How does this ensure that this doesn't end up promoting proprietary tools as more "trustworthy" than similar free software tools?

As far as I understand this is an open initiative that is run by a non-profit.

Being an open initiative doesn't really matter much. It seems likely that open source tools may be locked out of such an ecosystem

[Personally I'm not sure if we should care. I'm more in the camp of display whatever metadata exists, and let users decide how to interpret it]

So if I'm reading the linked pages correctly, this system is based on cameras, photo editing tools, and other tools involved in editing the image to cryptographically sign the file in some way. How would we decide which signatures are valid and which are not?

https://opensource.contentauthenticity.org/docs/prod-cert seems to imply that any S/MIME cert is trusted using normal S/MIME PKI. Trusting everyone feels like a big gaping hole if your goal is to detect AI.

Perhaps though the goal is more to know who to blame for AI than to detect it?

I have my doubts about the effectiveness of this whole scheme. Maybe the main benefit is the non-malicious use case to detect files that are accurately labelled as containing AI.

Oh, maybe i misunderstood. https://opensource.contentauthenticity.org/docs/verify-known-cert-list/ says there is a hard coded list.

It feels like trust management in this thing is very hap-hazard.

There is a workshop on this topic at W3C on 12 March 2025: https://www.w3.org/events/workshops/2025/authentic-web-workshop/

(Putting my staff hat on for a second) Thanks @Shizhao, I've passed along this information and someone from the Foundation will be attending.

Hi all, I attended the Authentic Web Mini Workshop, part 1 mentioned above. The W3C is still in the very early stages of accepting proposals for tools that enable verifiability on the web. They are gathering proposals for such technologies with the goal of determining if any of them should become a web standard. The technologies currently identified are:

Proposals will be evaluated by the W3C based on a technical framework using two axes:
What role the tool plays in the web ecosystem:

  1. Content Consumer - Person receiving the information (audience, reader)
  2. Content Provider/Source - Person(s) or organizations delivering content
  3. Content Promoter - Person(s) or organization that amplify the spread of information
  4. Credibility Facilitator - Person(s) or organization who is helping the consumer decide what to trust.
  5. Platform - Technological system, and by extension the person or organization who maintains and controls it.

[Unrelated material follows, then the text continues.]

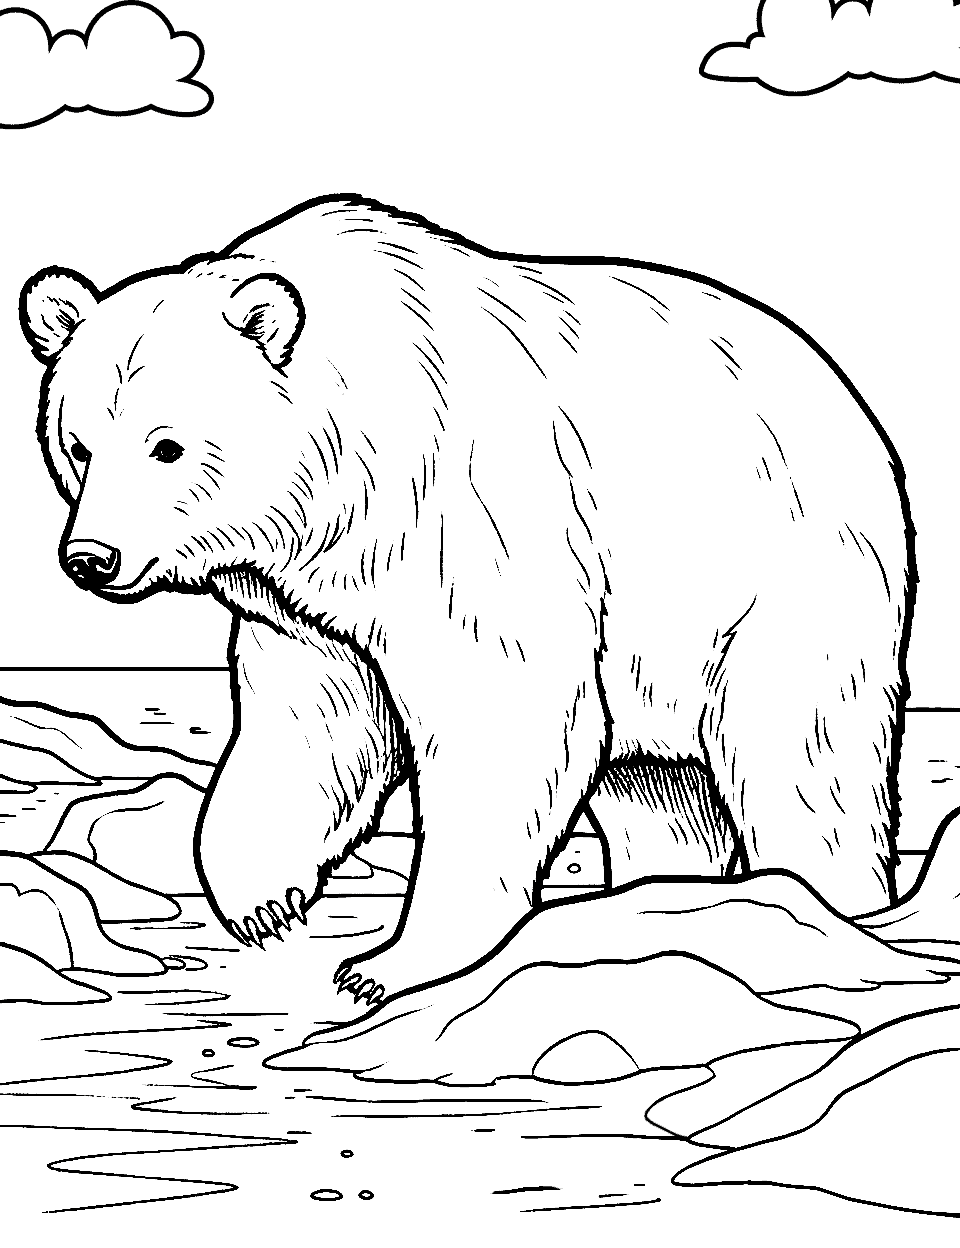 Grizzly Bear Fishing Coloring Page - A grizzly bear looking to catch a fish in a rushing river.

How the tool enables credibility based on the following factors:

It's worth noting that the W3C Credible Web Community Group and framework above is focused on credibility, which is broad term that encompasses elements of trust and reputation. The proposal outlined above specifically aims to enabled transparency, which is not a judgement on believability, but a display of provenance/origin. This seems like a useful framework when considering this proposal and it's impact/goals.

As a Commons user: it would be extremely helpful for MediaWiki to recognize and call out the presence of C2PA claims, even if the content of these claims is not fully decoded or verified. A number of AI image generation services, such as ChatGPT, use C2PA data to mark the images they generate. Even just displaying the software agent name from these claims would be of great value in identifying AI-generated images.